- [Work instructions]: I'd ask you to write out the lines below exactly, with no images.

━━ Given material

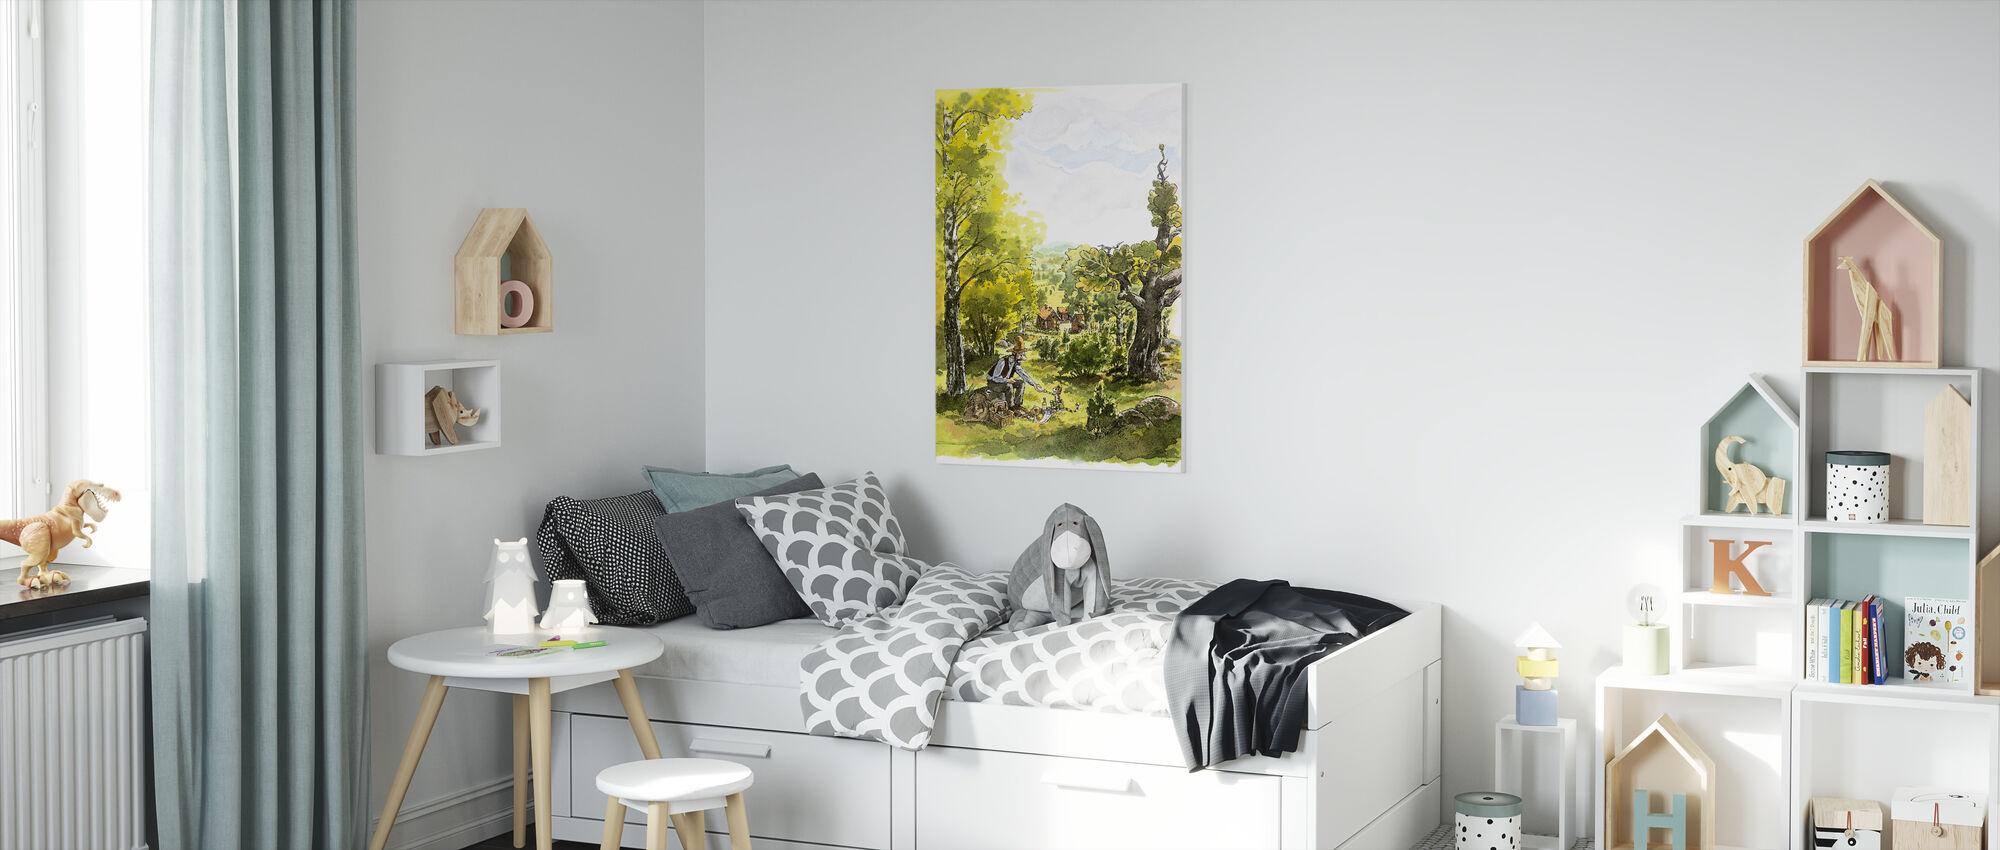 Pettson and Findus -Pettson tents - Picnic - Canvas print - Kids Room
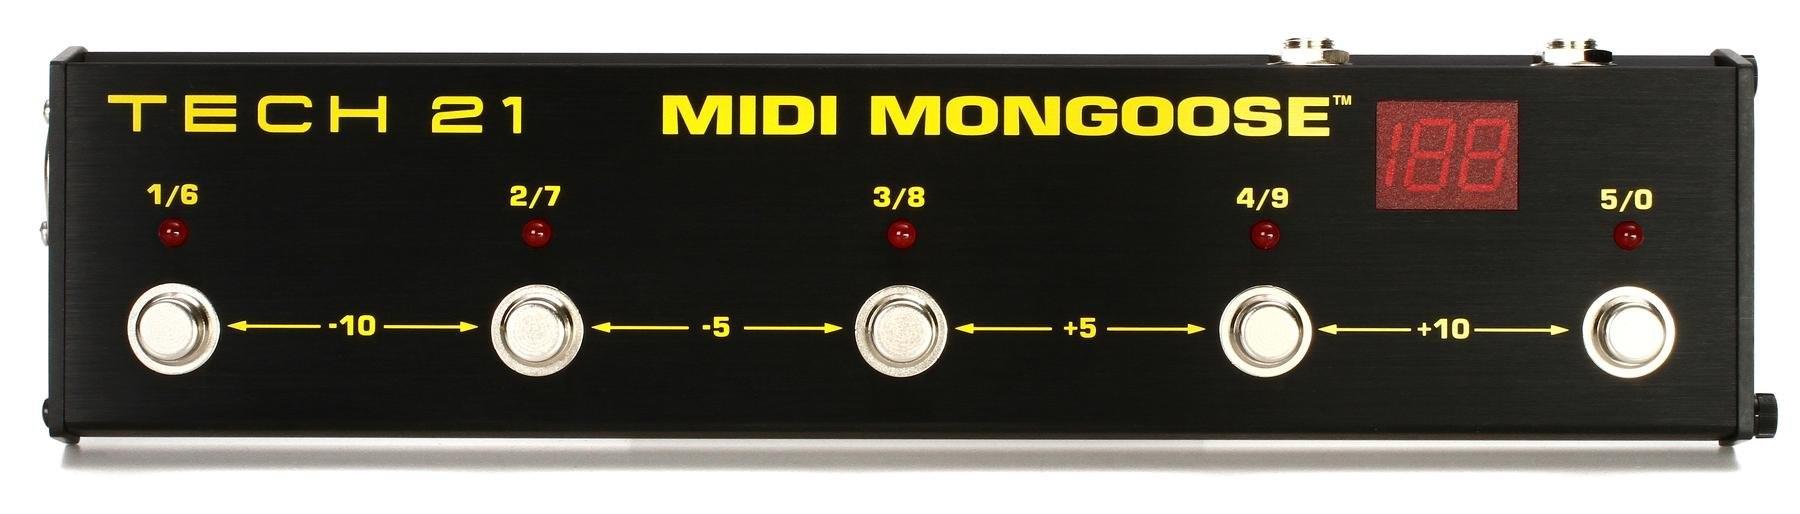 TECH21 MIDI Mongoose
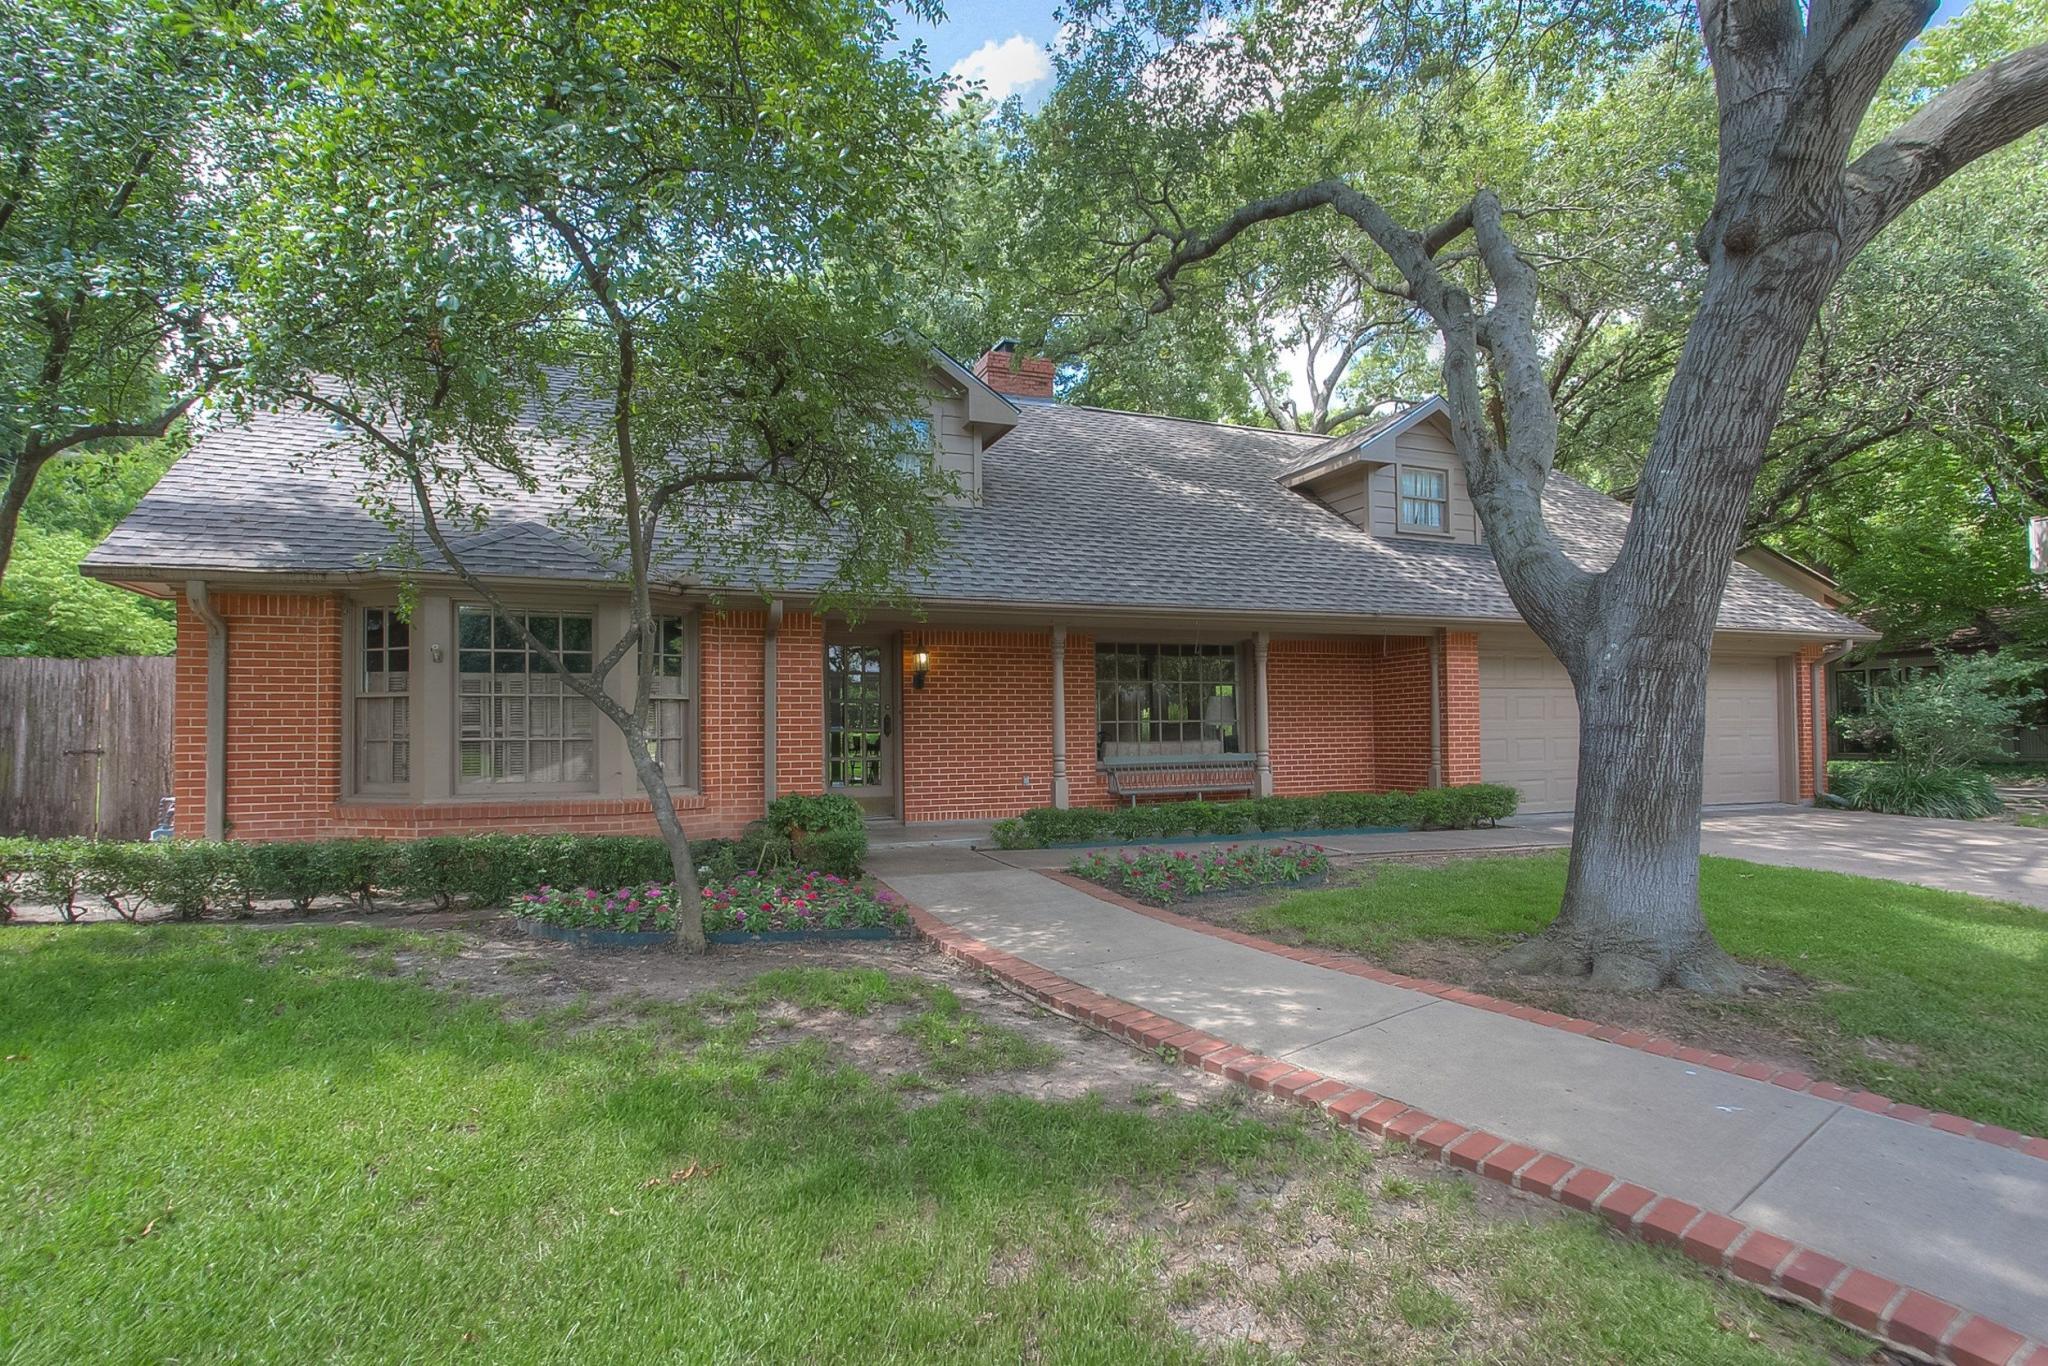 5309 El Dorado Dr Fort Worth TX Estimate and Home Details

━━━━

- [Task result]:
 Pettson and Findus -Pettson tents - Picnic - Canvas print - Kids Room
 TECH21 MIDI Mongoose
 5309 El Dorado Dr Fort Worth TX Estimate and Home Details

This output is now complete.